SOURCE MATERIAL Start Marker
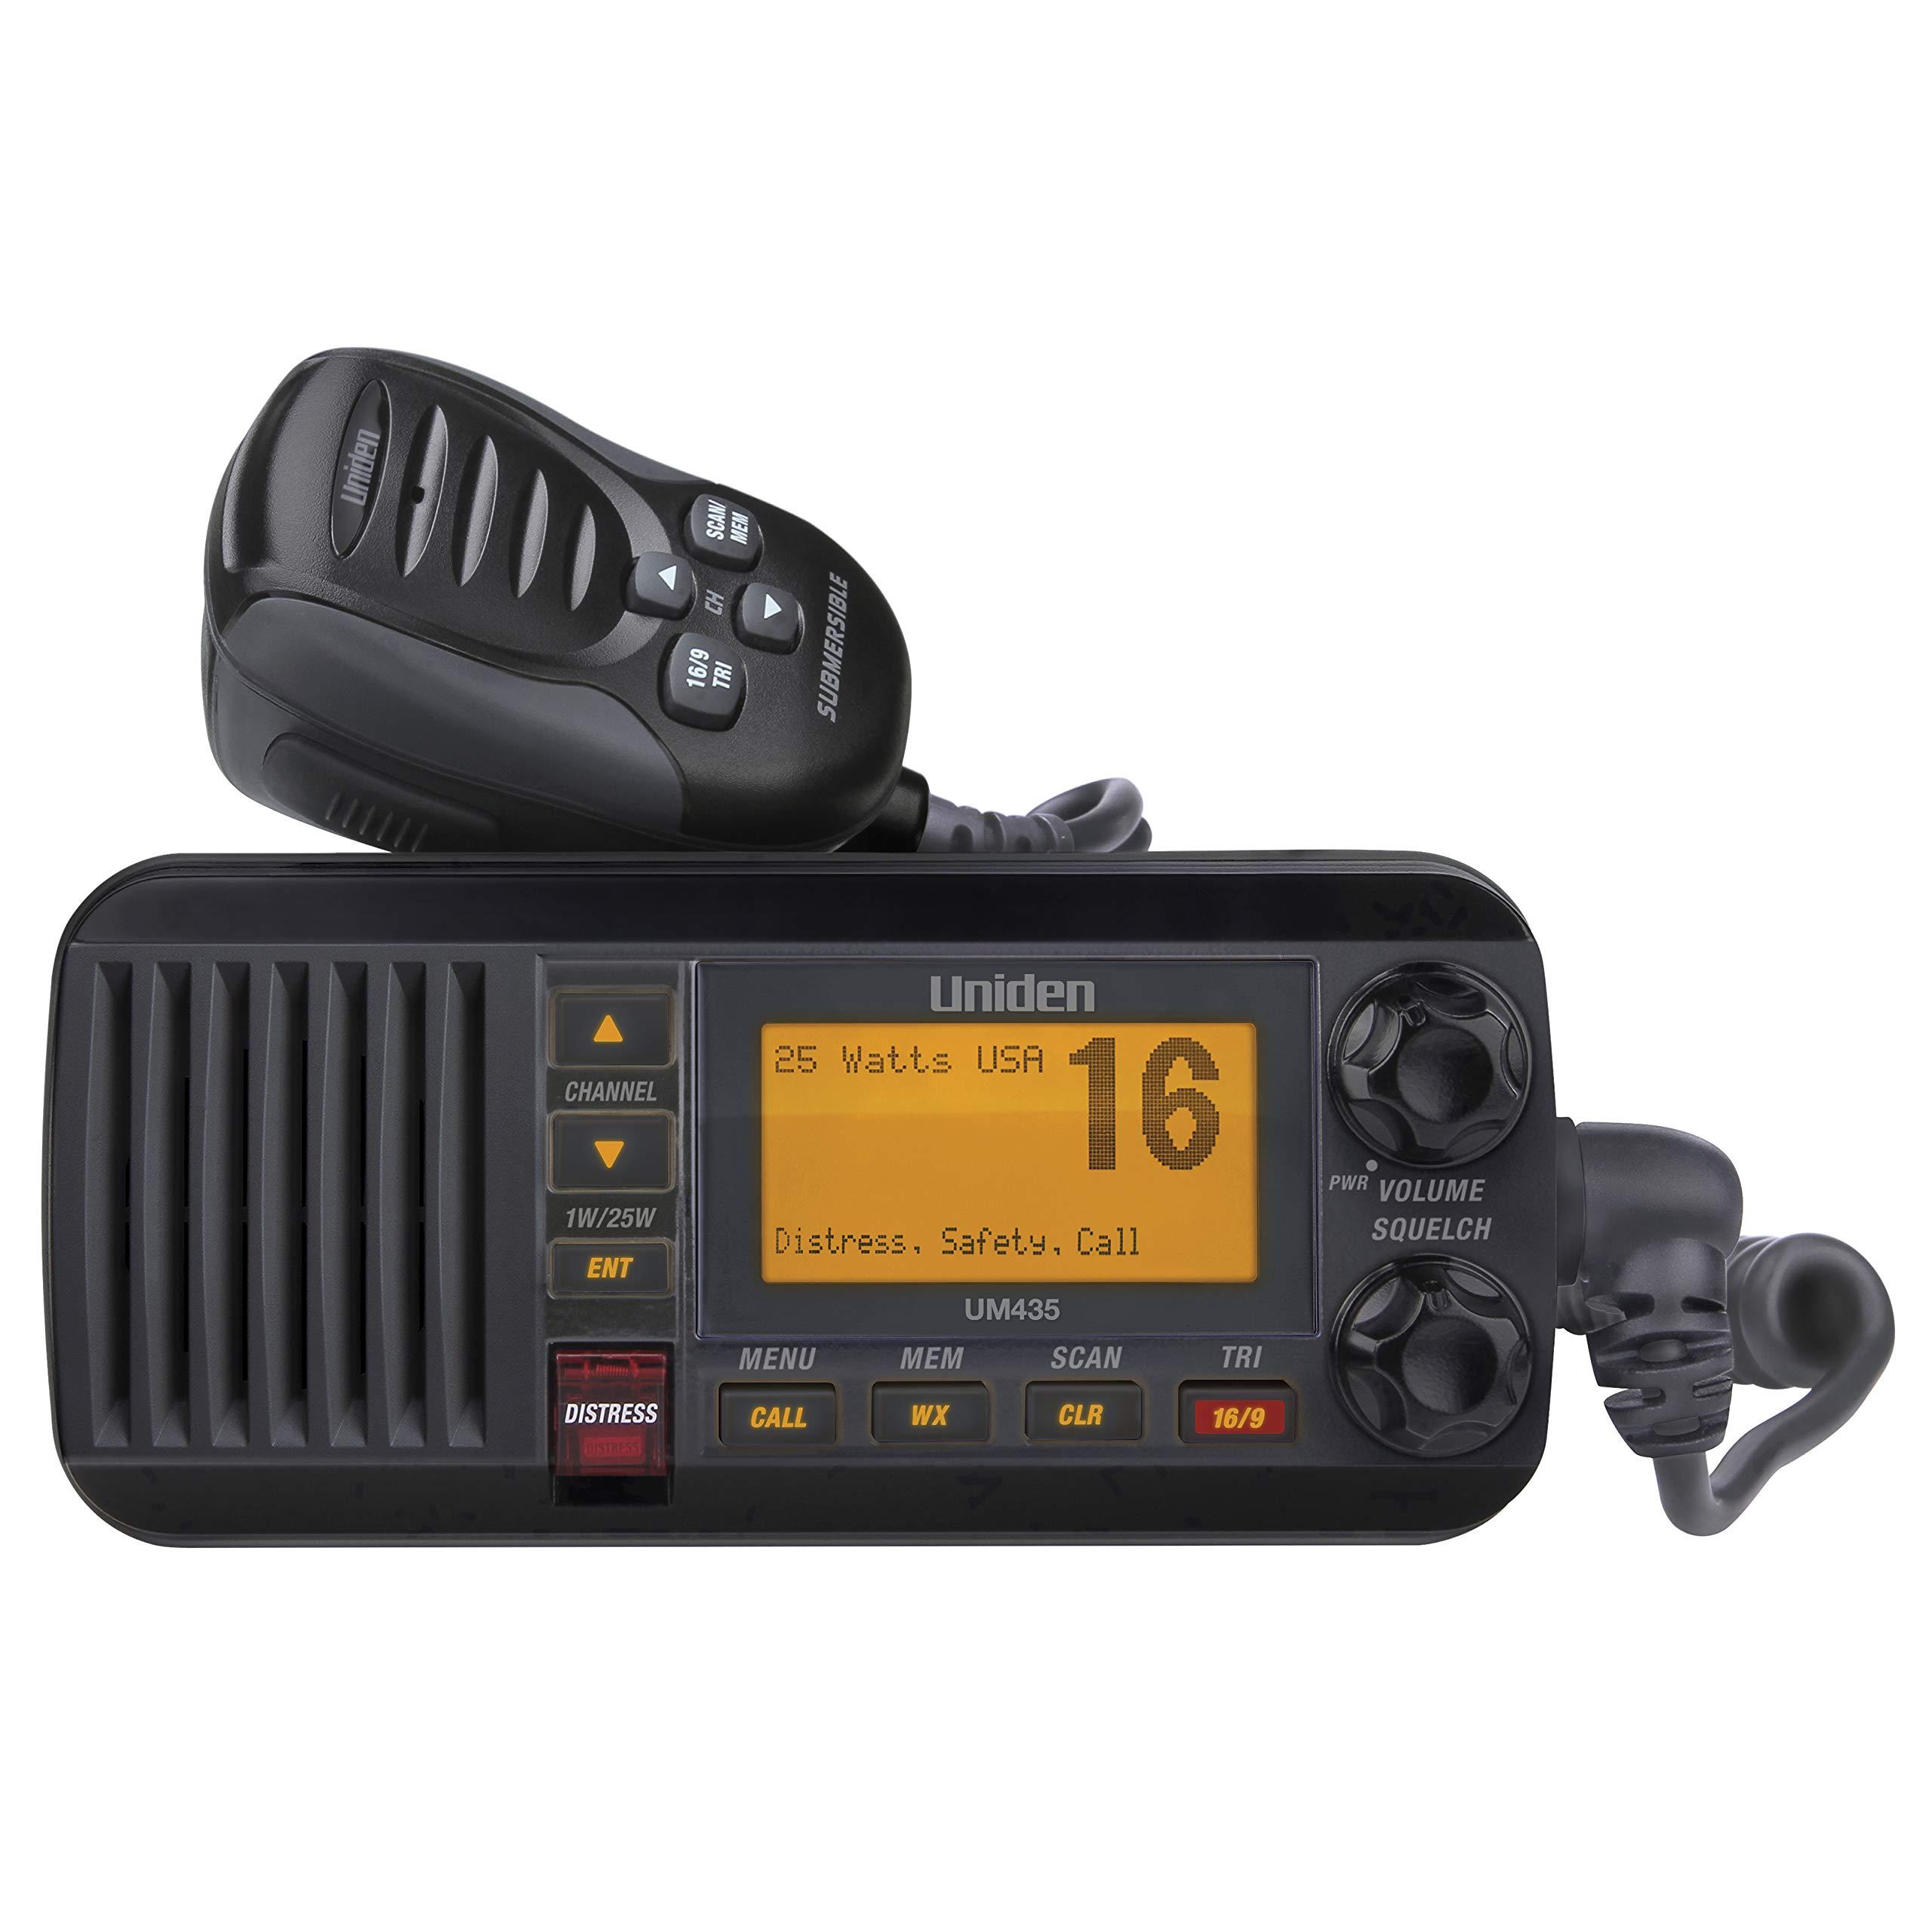 Uniden UM435BK Advanced Fixed Mount VHF Marine Radio, All USA/International/Canadian Marine Channels including new 4-Digit, CDN ''B'' Channels, 1 Watt/25 Watt Power, Waterproof IPX8 Submersible, Black
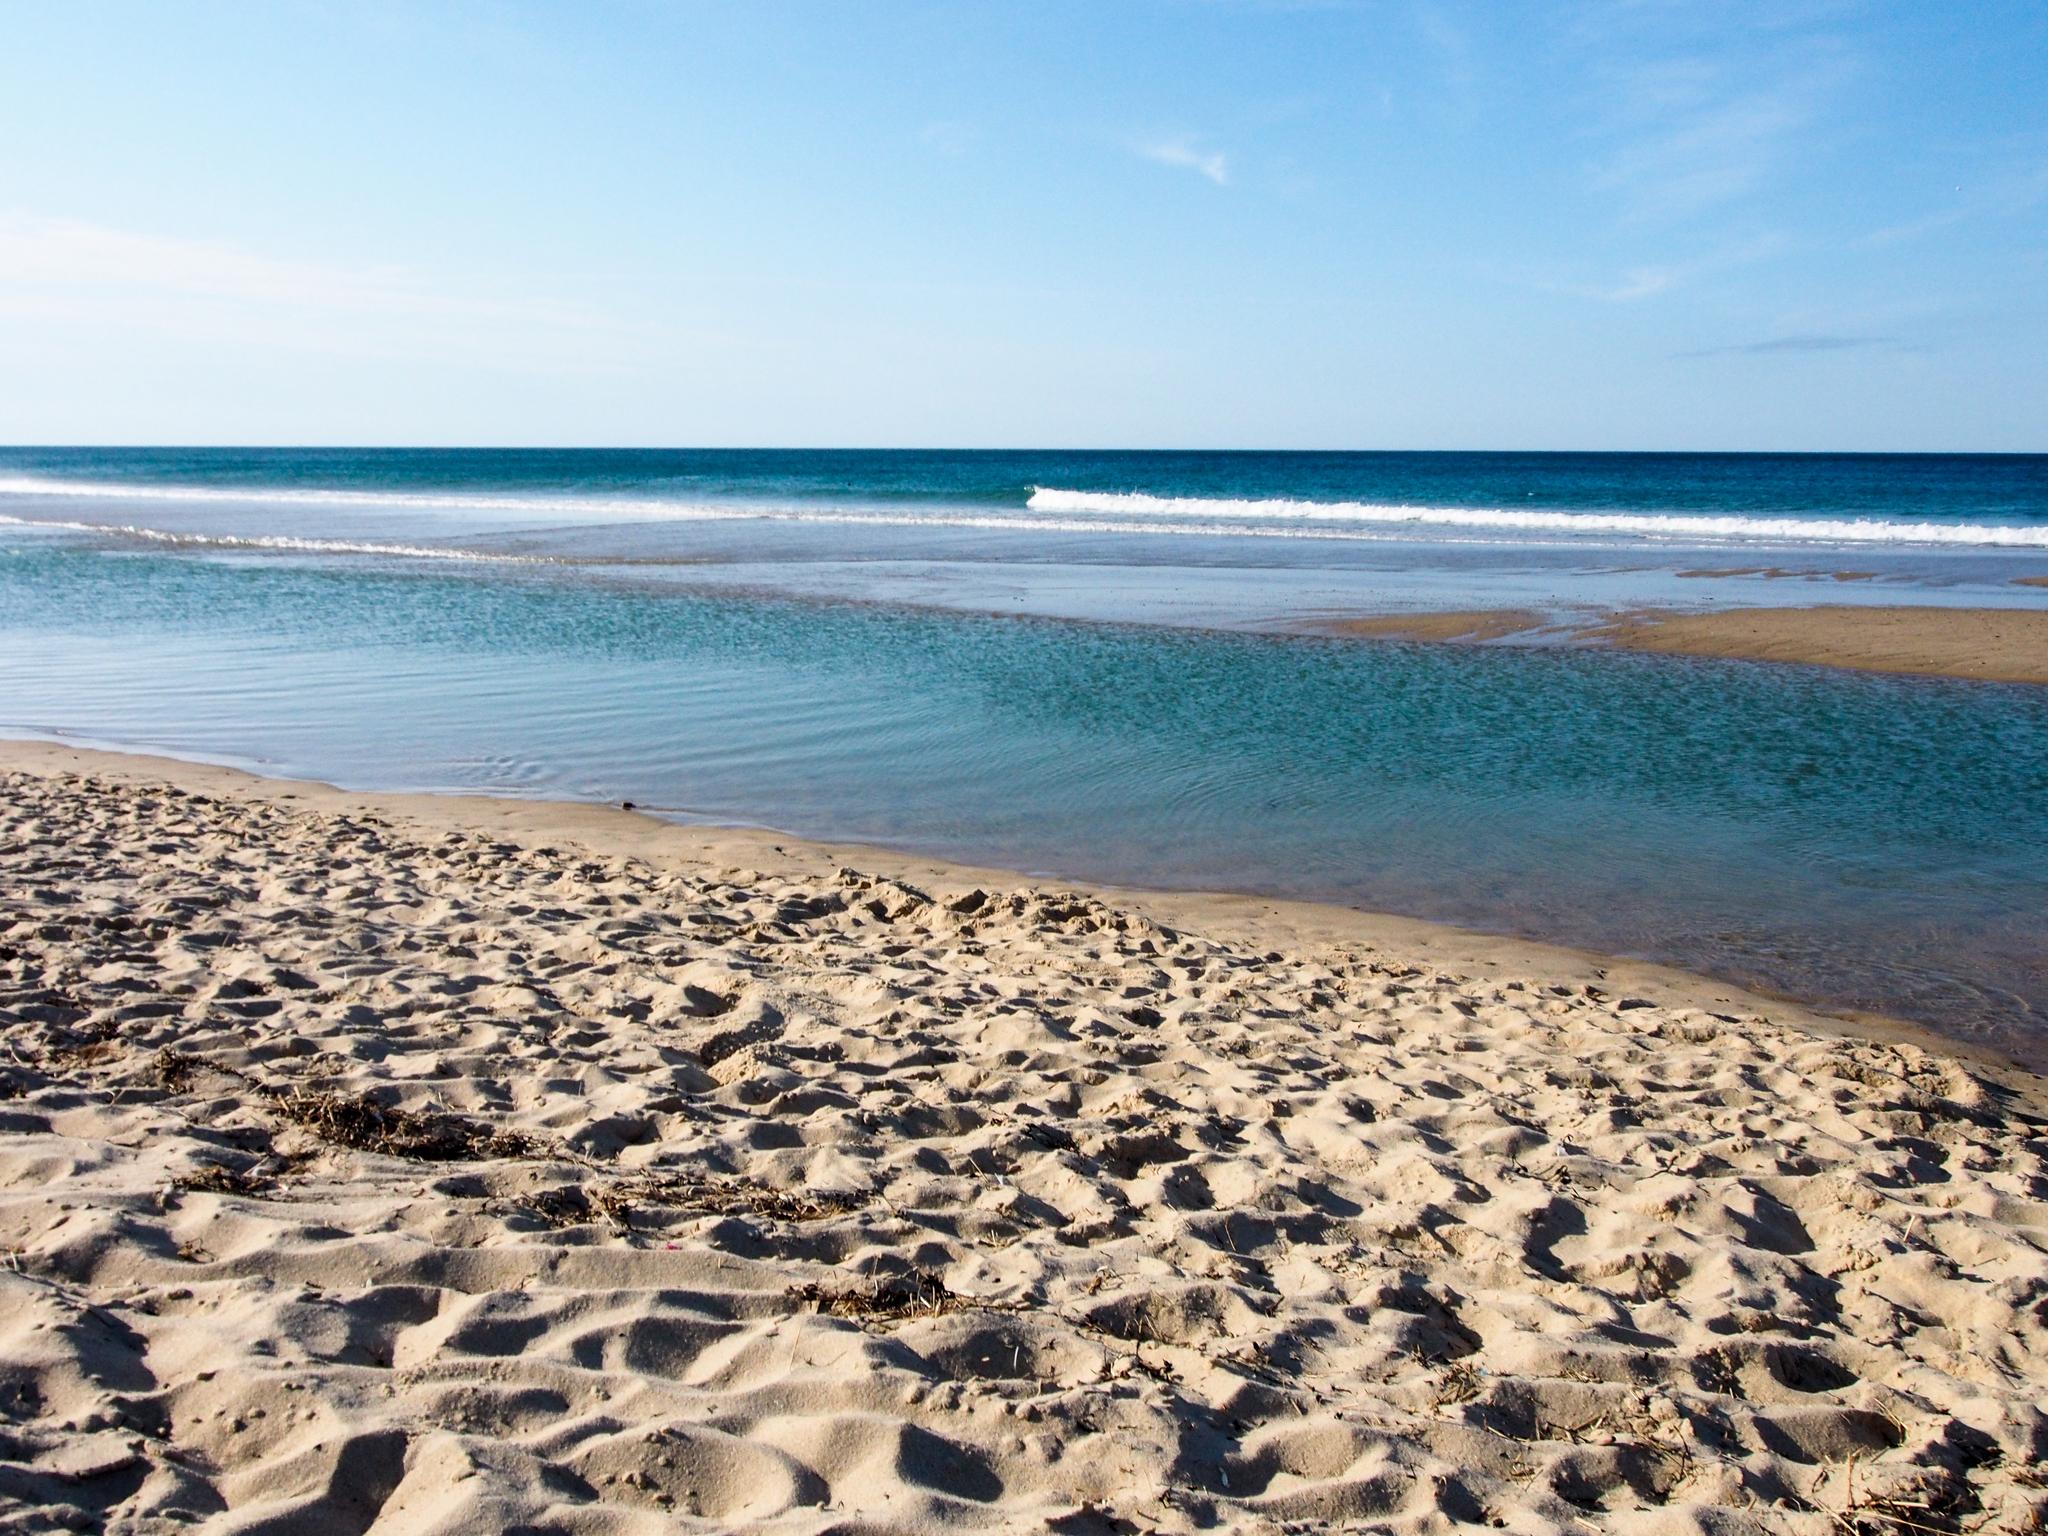 Head of the Meadow Beach - Cape Cod National Seashore
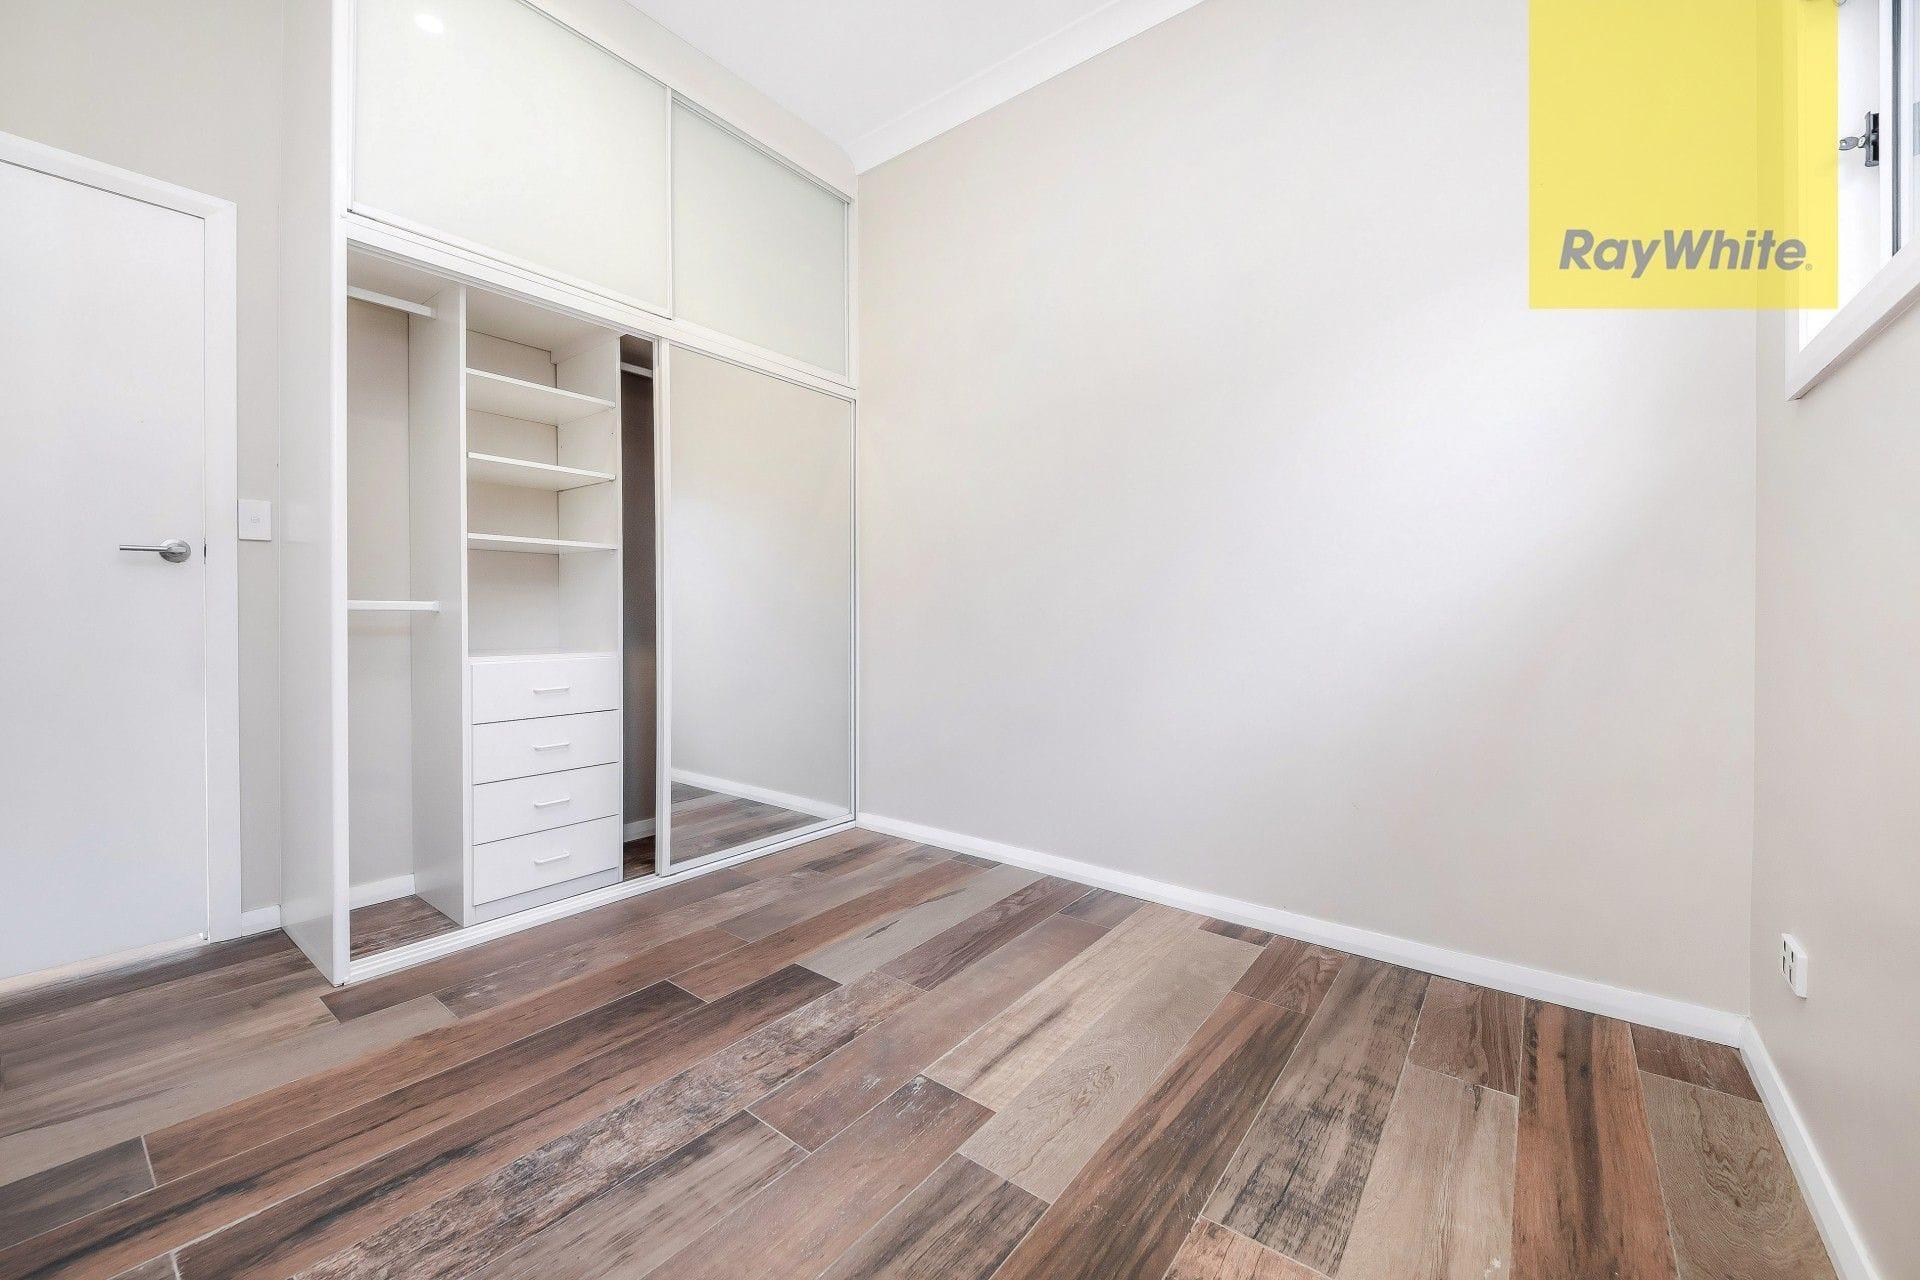 Property 1A John Street, RYDALMERE NSW 2116 IMAGE
SOURCE MATERIAL End Marker
• _WHAT THE EXERCISE ASKS_
Omit the pictures and write out the lines above from the one with "Head of the" through the last, unchanged.

• _YOUR RESPONSE_
 Head of the Meadow Beach - Cape Cod National Seashore
 Property 1A John Street, RYDALMERE NSW 2116 IMAGE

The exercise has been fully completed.